World AIDS Day: HIV positive pregnant women and children must get treatment, says UNICEF
NEW YORK, 28 November 2012 – New HIV infections in children are down, but reaching the goal of an AIDS-free generation requires treating more pregnant women and children living with HIV, UNICEF said today.
Thanks to remarkable levels of global commitment, there has been a 24% reduction in new HIV infections in children worldwide – from 430,000 in 2009 to 330,000 in 2011.And, as of December 2011, over 100,000 more children with HIV were receiving antiretroviral treatment compared to 2010.
Despite these gains, less than one-third of children and pregnant women with HIV are receiving the antiretroviral treatment they need, as opposed to the global average of 54% for adults overall, making the most vulnerable in society also less likely to receive life-saving treatments.

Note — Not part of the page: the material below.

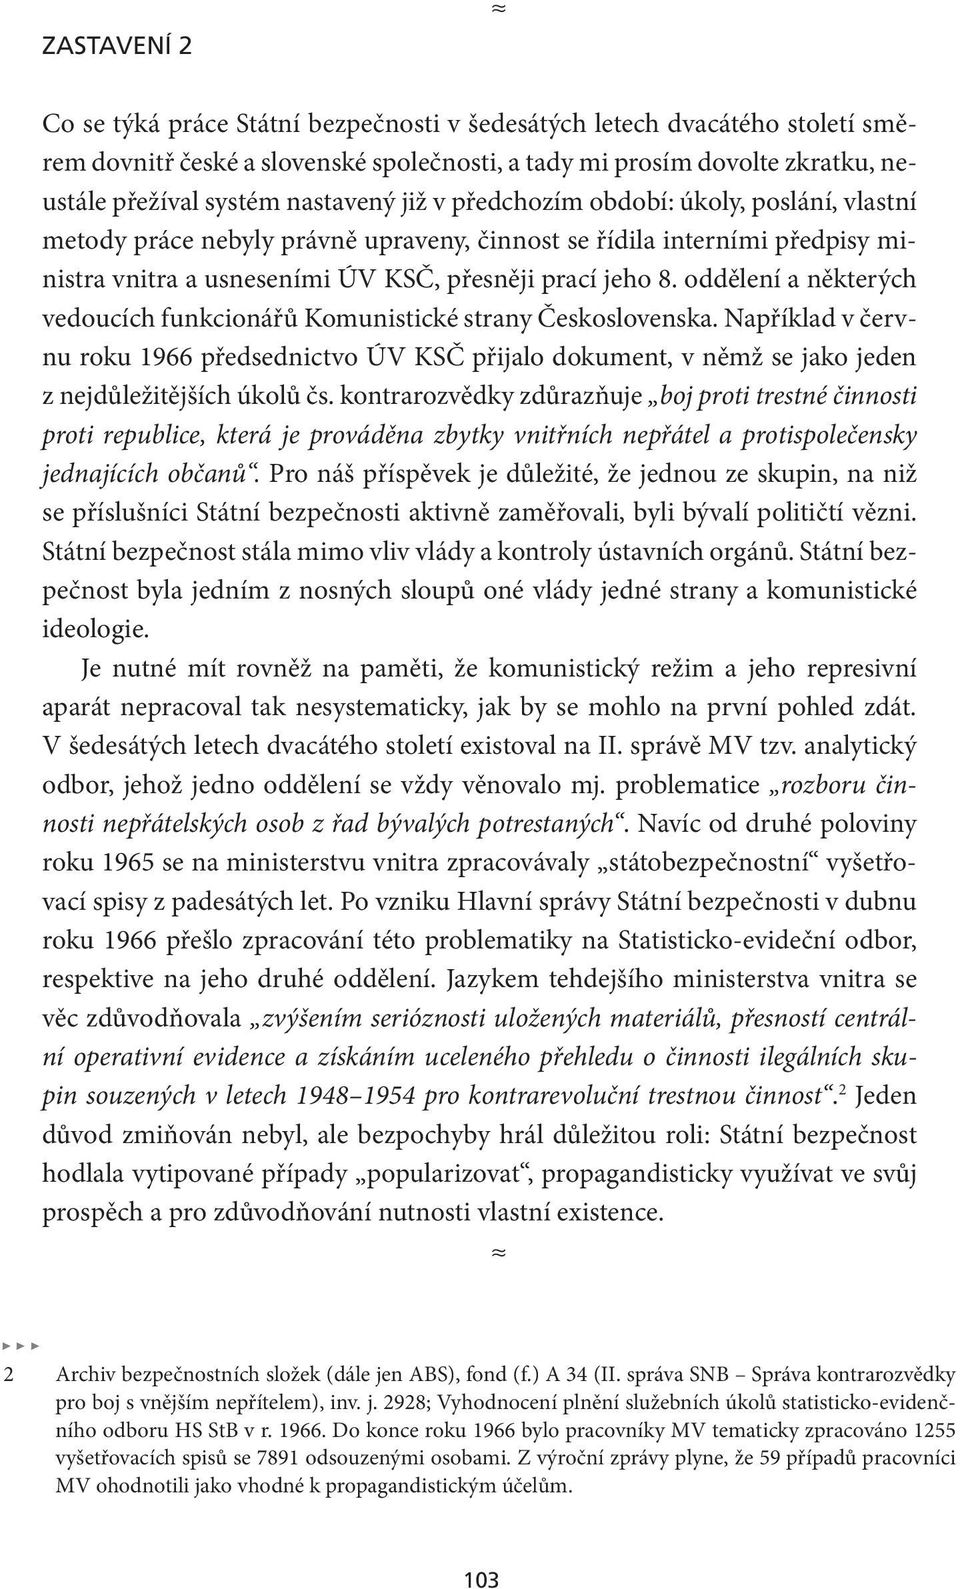 oddělení a některých vedoucích funkcionářů Komunistické strany Československa. Například v červnu roku 1966 předsednictvo ÚV KSČ přijalo dokument, v němž se jako jeden z nejdůležitějších úkolů čs.

“It is simply wrong that adults are twice as likely as children to receive the treatment they need,” said UNICEF Executive Director Anthony Lake. “By definition, an AIDS-free generation depends on protecting the youngest and most vulnerable from HIV infection. We must do still more to help mothers and children who live with HIV be able to live free from AIDS. We must rededicate ourselves to boosting the number of pregnant women and children being tested and treated through basic antenatal and child health programmes.”
While high-income countries have long maintained near-universal coverage of antiretroviral medicines for pregnant women, in low- and middle-income countries, coverage required to prevent mother-to-child transmission only reached 57%, with reported coverage in Asia substantially lower at just 18%.
While the percentages of HIV-infected pregnant women remains low in Asia and the Pacific, the sheer size of the region’s population – some 69 million pregnancies occur annually – demands greater attention and action.
Treatment provided to HIV-positive pregnant women, can keep them alive and well and prevent their babies from acquiring HIV during pregnancy, delivery and the breastfeeding period. Treatment can also prevent sexual transmission from an HIV-positive woman to an HIV-negative partner.
Working to end new HIV infections among children by 2015 and to keep their mothers alive is a key element of UNICEF’s overall commitment to child survival under the global movement, “A Promise Renewed.”